WHAT IS EXPECTED: Return all of the listing word for word; the pictures stay out.

THE DATA:

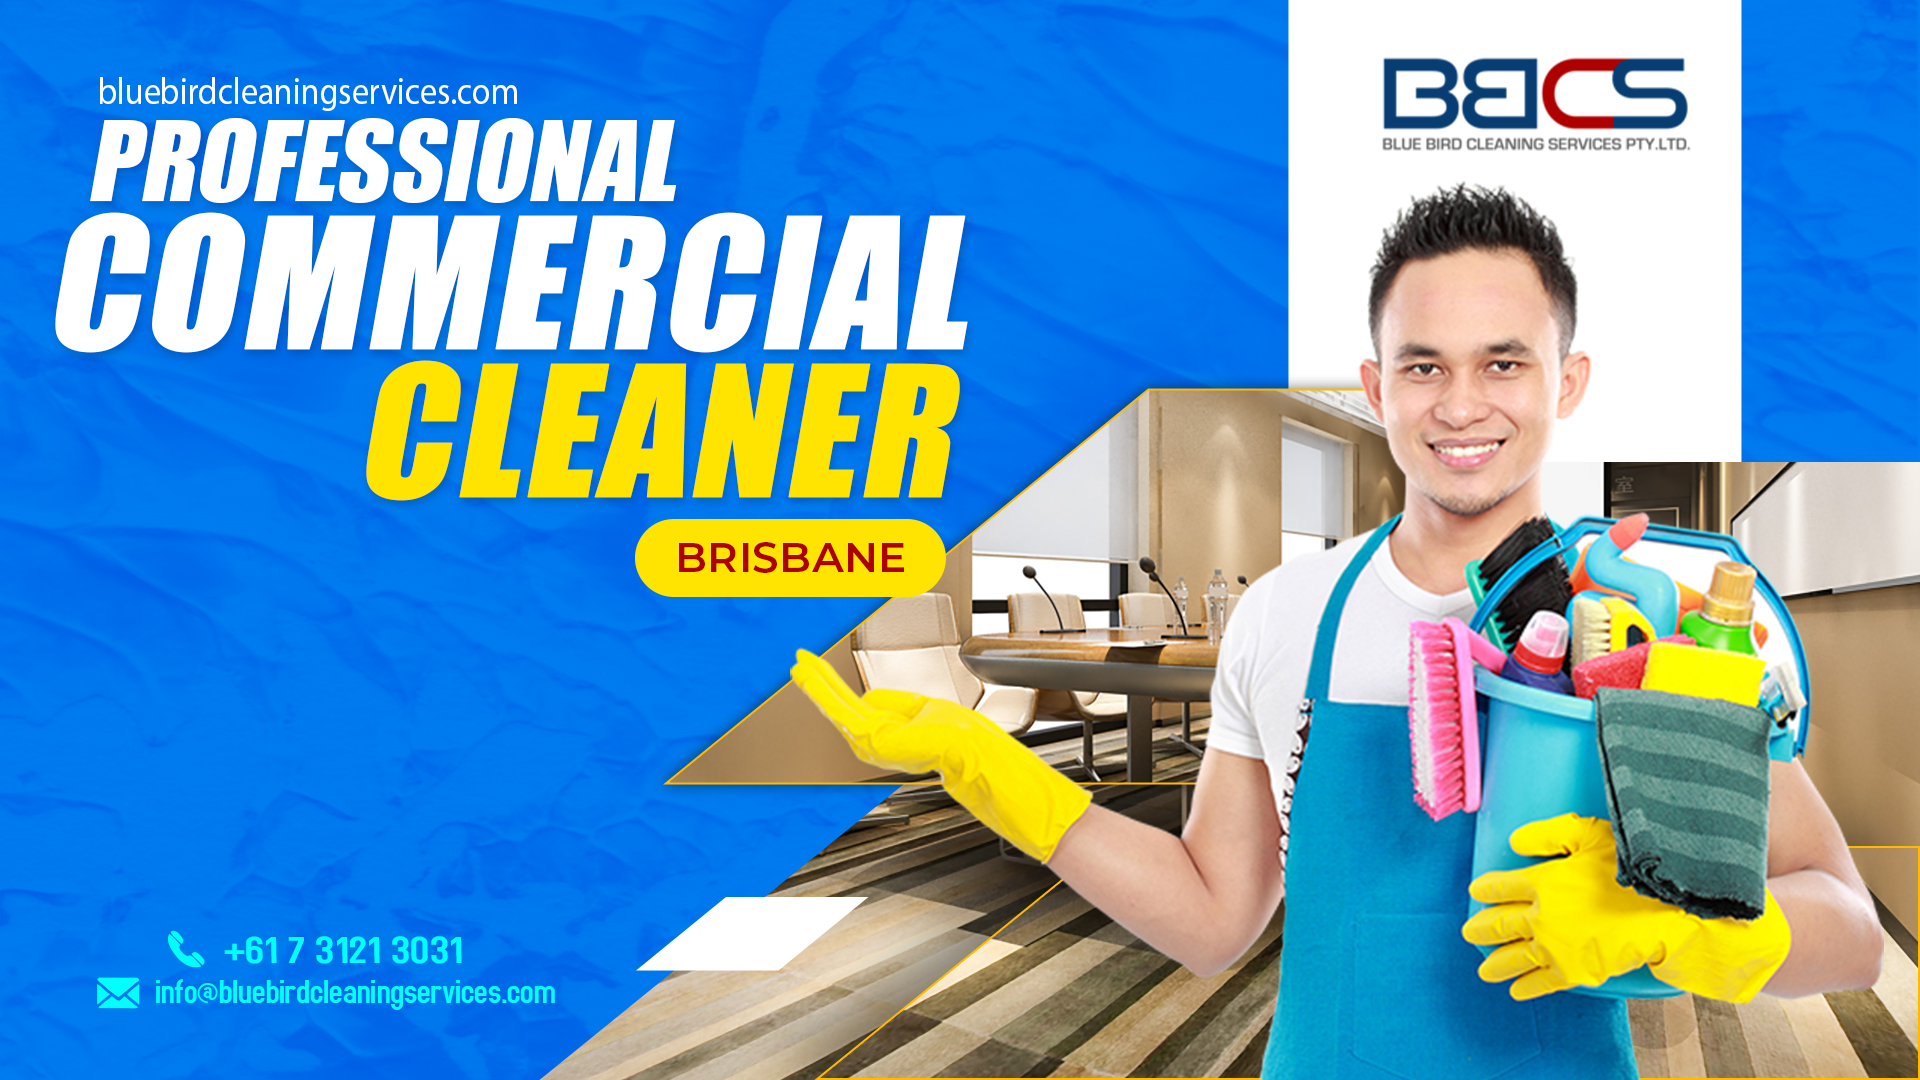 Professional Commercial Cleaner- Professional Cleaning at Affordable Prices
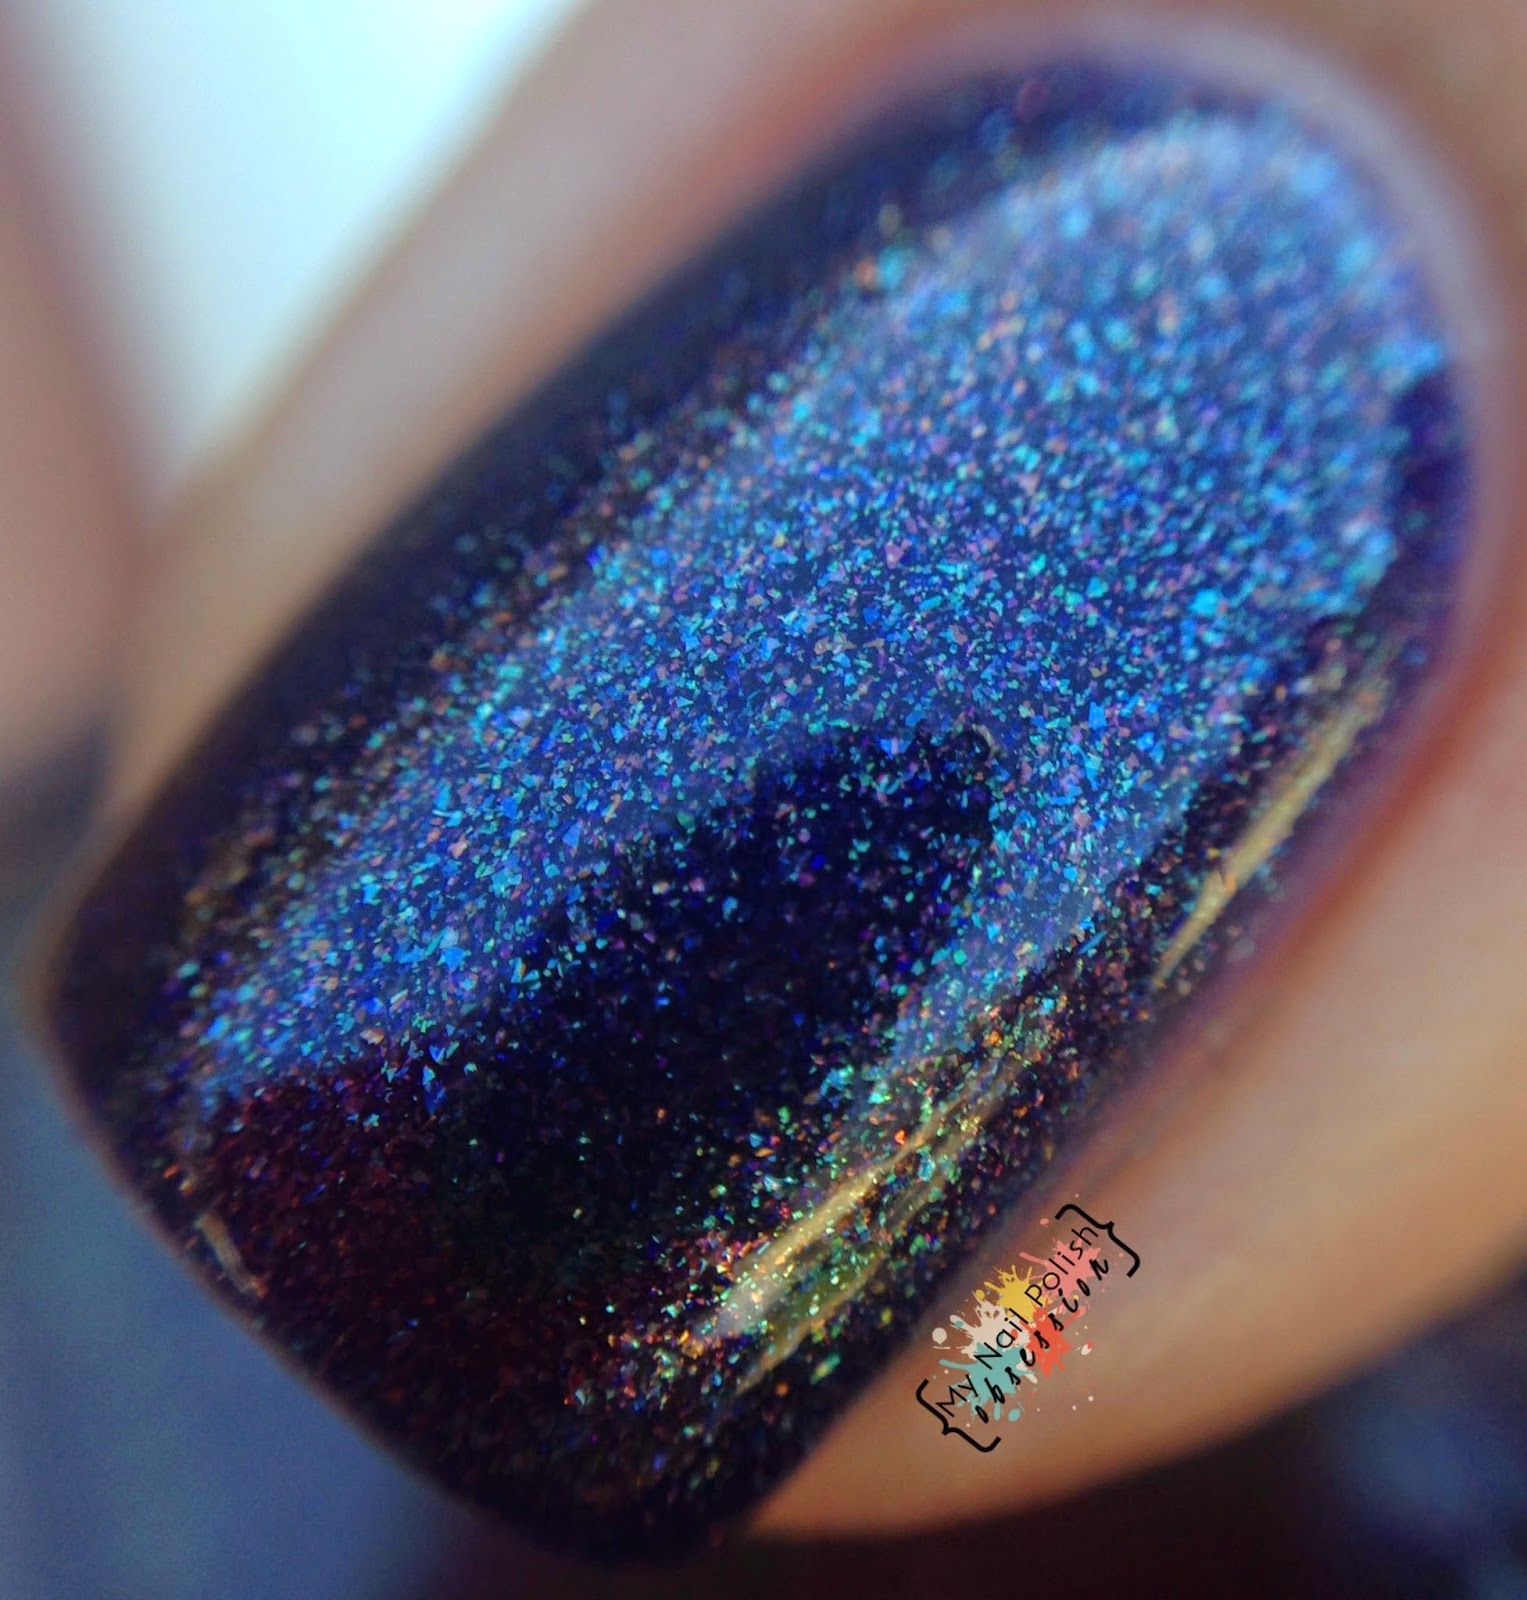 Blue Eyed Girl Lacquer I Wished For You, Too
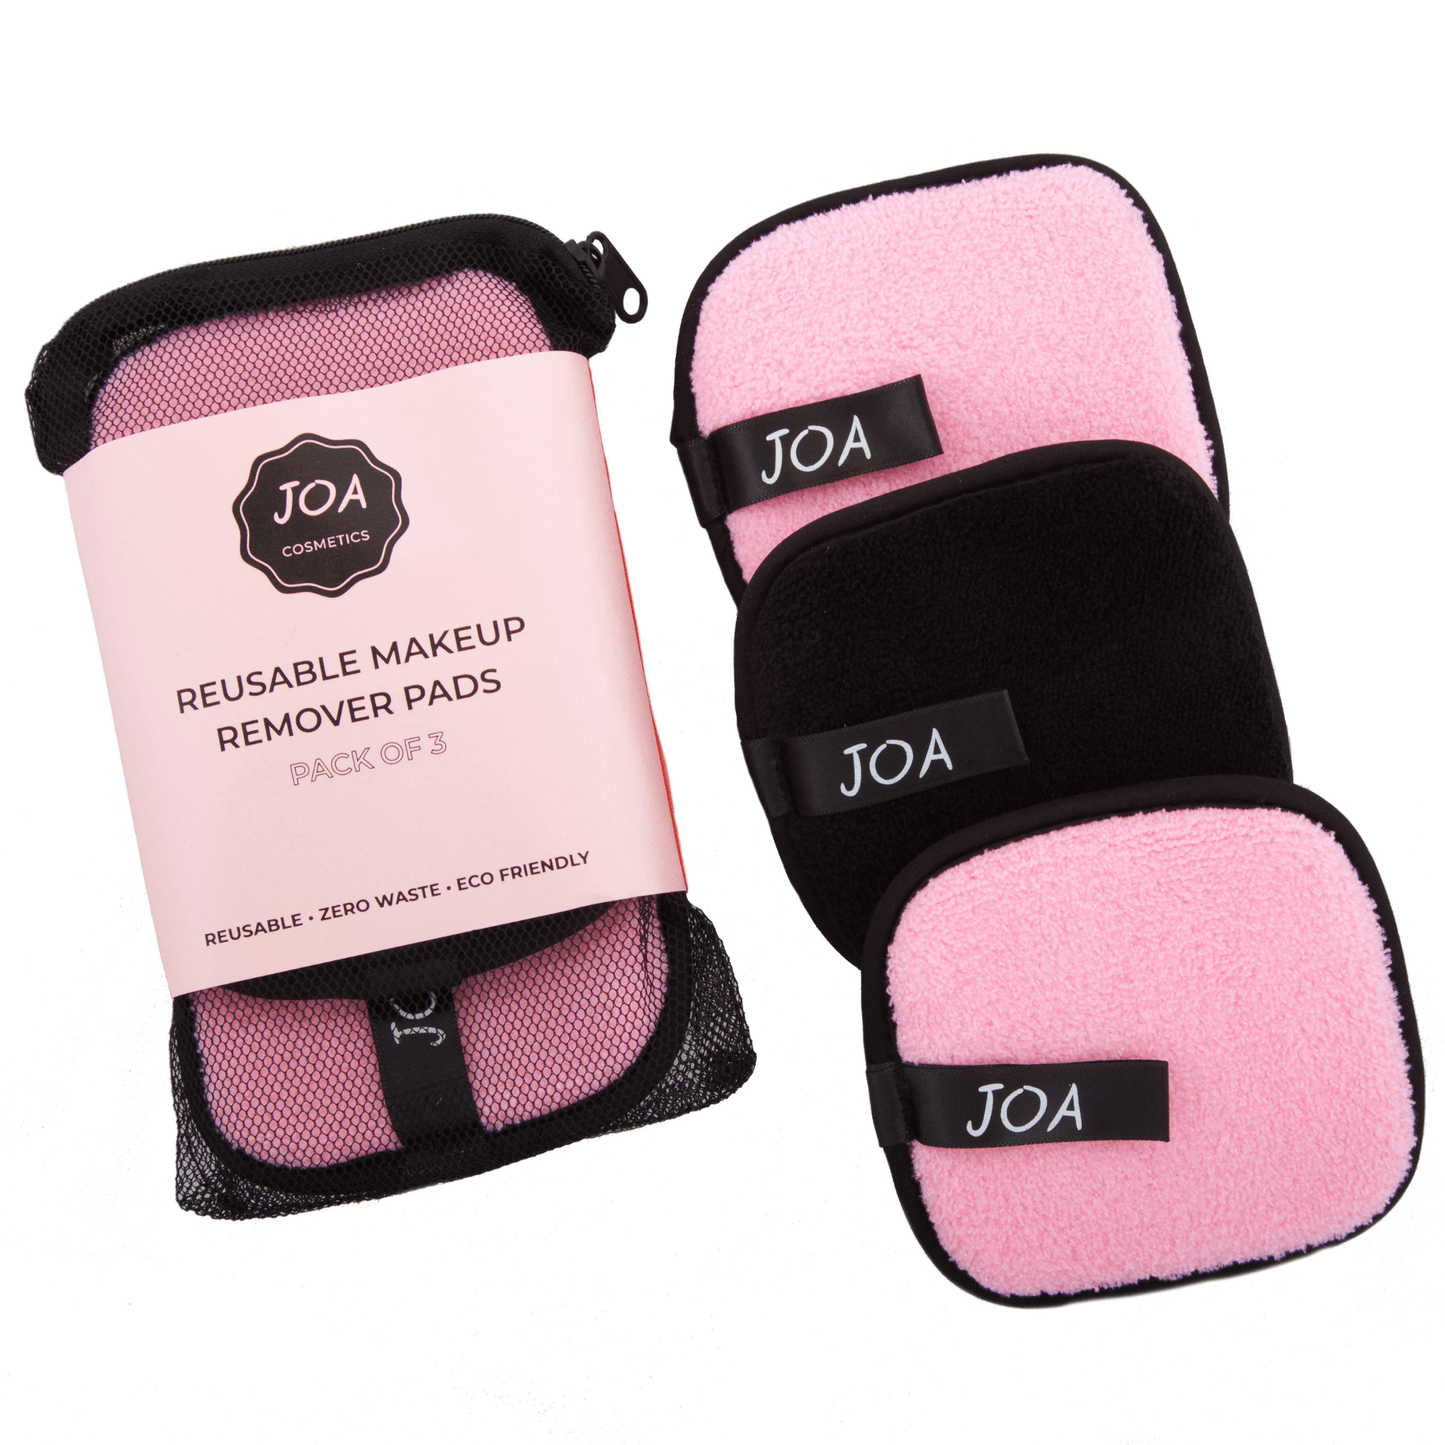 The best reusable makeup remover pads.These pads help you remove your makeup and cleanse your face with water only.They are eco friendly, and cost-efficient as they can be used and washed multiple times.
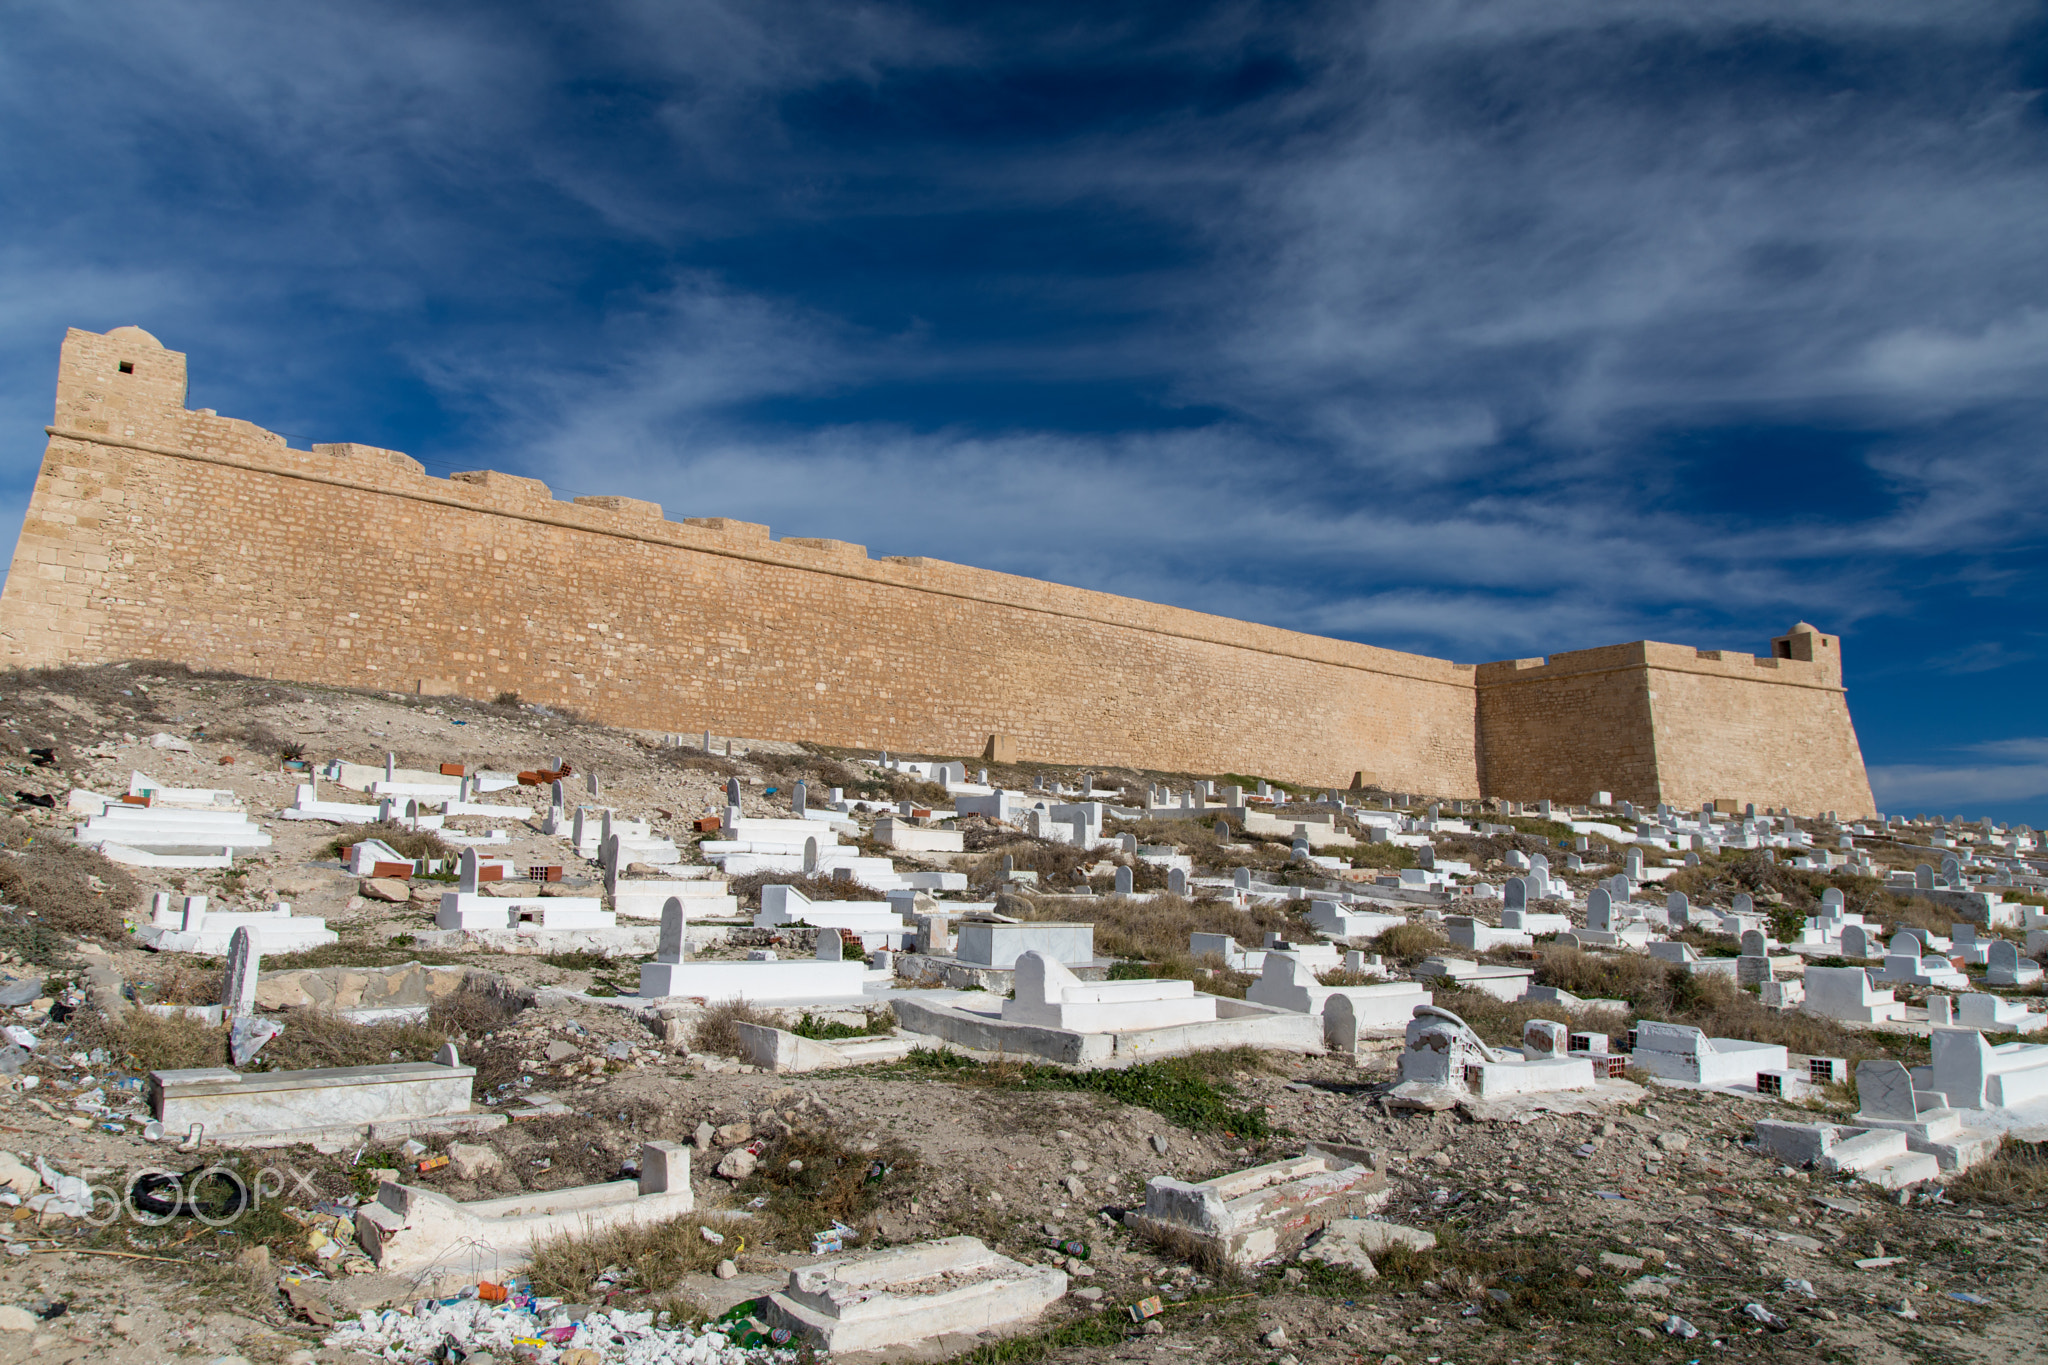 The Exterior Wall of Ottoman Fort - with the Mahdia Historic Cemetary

WRITTEN REPLY:
 Professional Commercial Cleaner- Professional Cleaning at Affordable Prices
 Blue Eyed Girl Lacquer I Wished For You, Too
 The best reusable makeup remover pads.These pads help you remove your makeup and cleanse your face with water only.They are eco friendly, and cost-efficient as they can be used and washed multiple times.
 The Exterior Wall of Ottoman Fort - with the Mahdia Historic Cemetary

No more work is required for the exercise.